0

I have the following IEnumerable

public class AuditDetailsViewModel
    {
    public string CustAddress { get; set; }
    public IEnumerable<DefectDetailsViewModel> DefectDetails { get; set; }

    }

    public class DefectDetailsViewModel
    {
        public string Description { get; set; }
        public string Comments { get; set; }
    }

In my razor view how I can enumerate over this using the Html helpers? If it was a list I could do the something like the following

@model AIS.Web.Areas.Inspector.ViewModel.AuditDetailsViewModel
@for (int i = 0; i < Model.DefectDetails.Count(); i++)
{
    @Html.TextBoxFor(m => m.DefectDetails[i].Description)
}

but how can I do that if the viewmodel is an IEnumerable?

user2206329
  • 2,792
  • 10
  • 54
  • 81

2 Answers2

1

I use a foreach when looping through an ienumerable

foreach(var temp in Model.DefectDetails){
    @Html.TextBoxFor(x => temp.Description)
}

Hopefully this helps

Matt Bodily
  • 6,403
  • 4
  • 29
  • 48
  • In my experience every time you use a for helper (except displayfor) MVC is able to model bind. – Matt Bodily Oct 15 '13 at 13:47
  • Just read Jason Evans answer and googled it.

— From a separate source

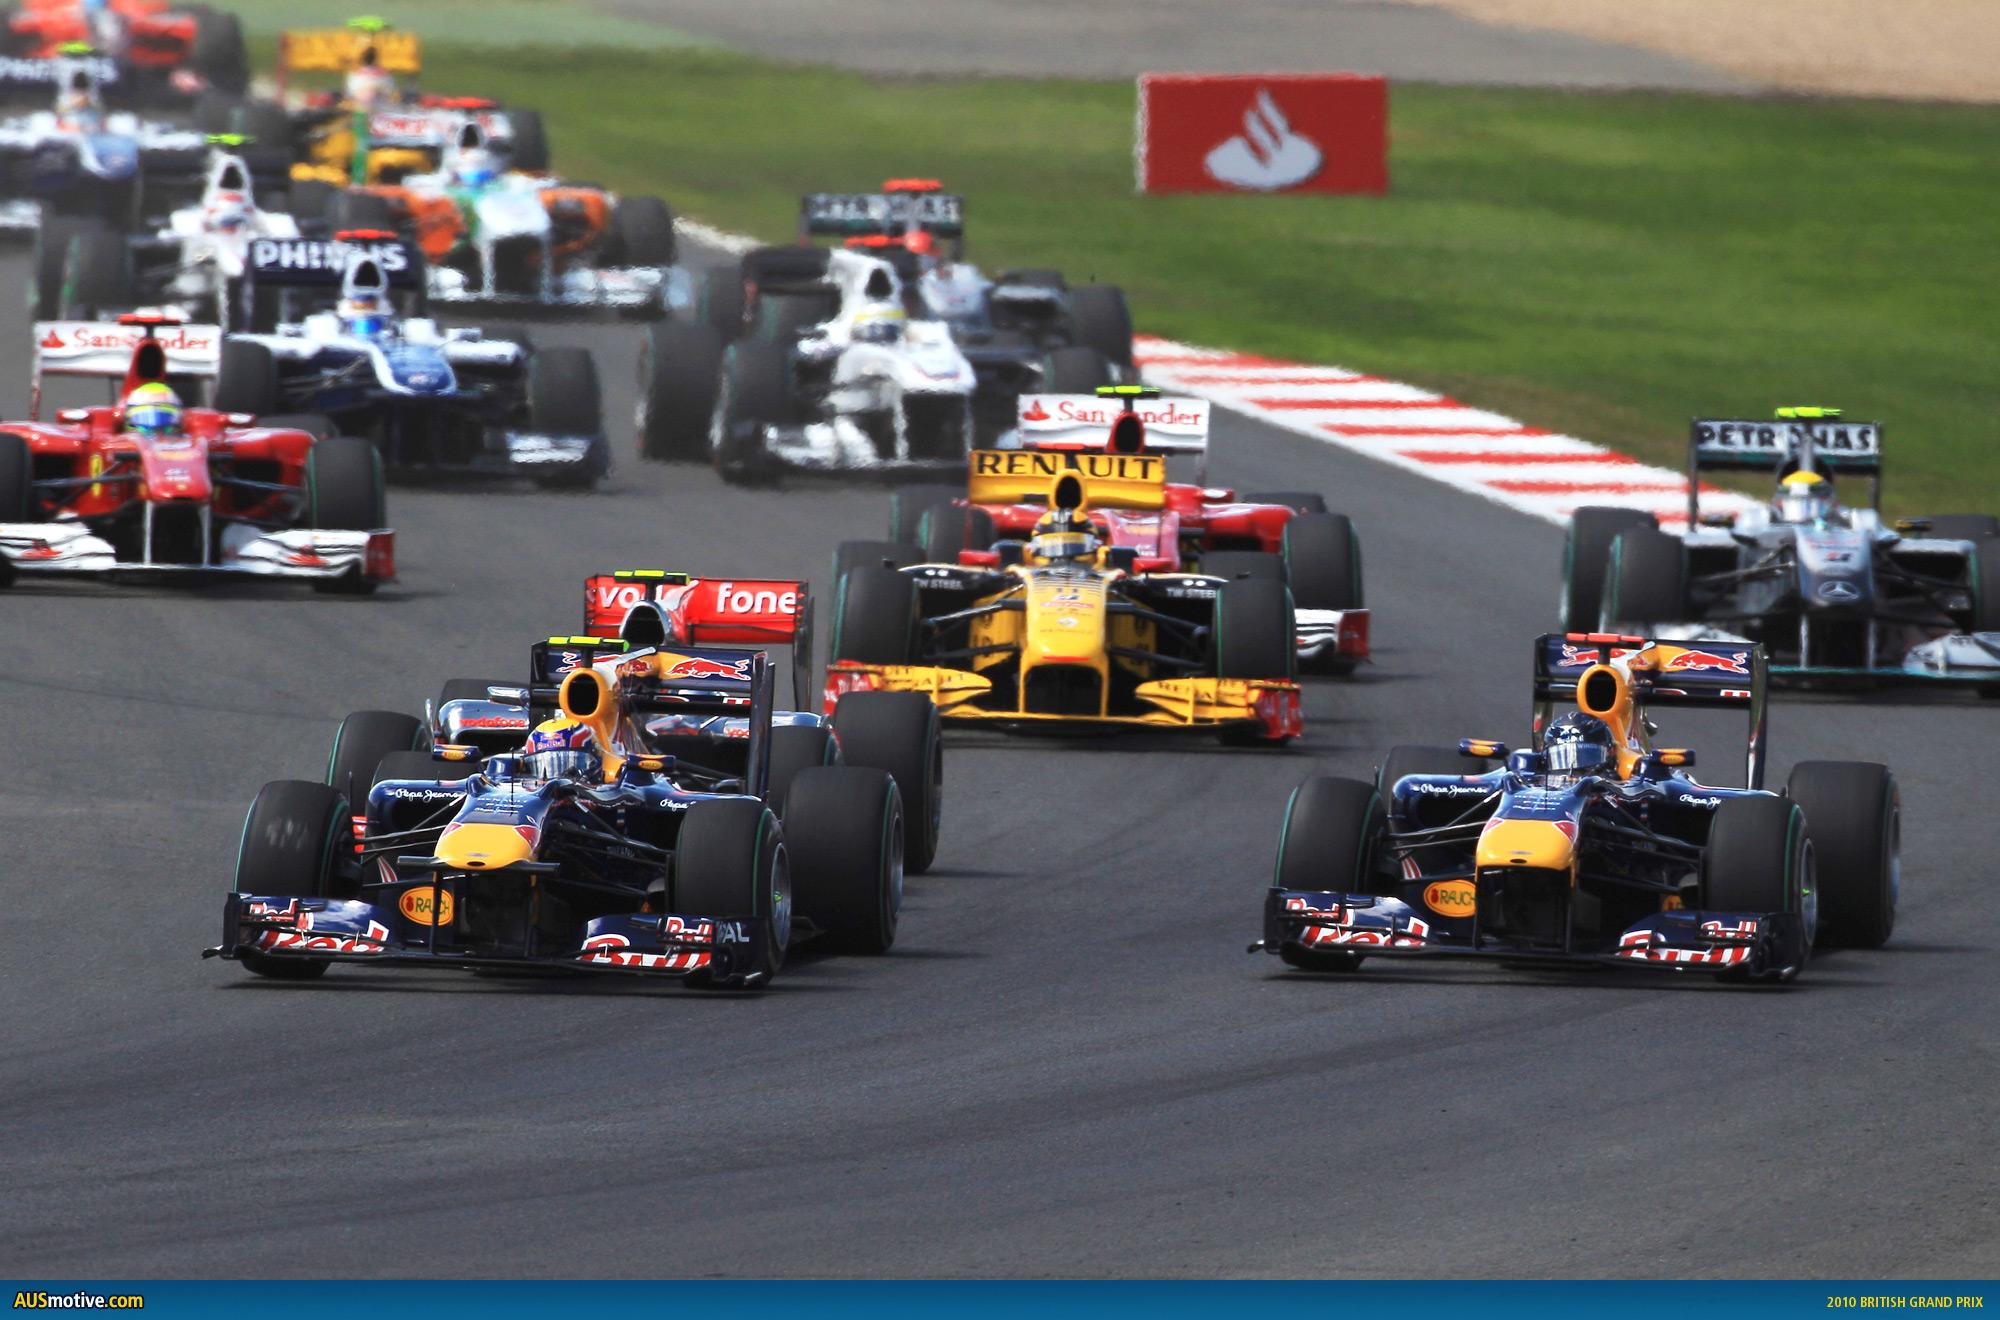 Российскую команду формулы-1 создадут на базе virgin racing

This may help http://stackoverflow.com/questions/8894442/mvc-razor-view-nested-foreachs-model – Matt Bodily Oct 15 '13 at 13:50
0

You will have to use ToList()

var items = Model.DefectDetails.ToList();

    @for (int i = 0; i < items.Count; i++)
    {
        @Html.TextBoxFor(m => m.Description[i].ToBeAudited)
    }

EDIT:

You cannot apply indexing to an IEnumerable, that is true, which is why you must transform it into a List by using ToList().

If you use a for..each loop, then when you postback to the controller, the content in the textboxes will not be transferred. You must use a for...loop with an indexer, else the MVC model binder cannot bind the data correctly.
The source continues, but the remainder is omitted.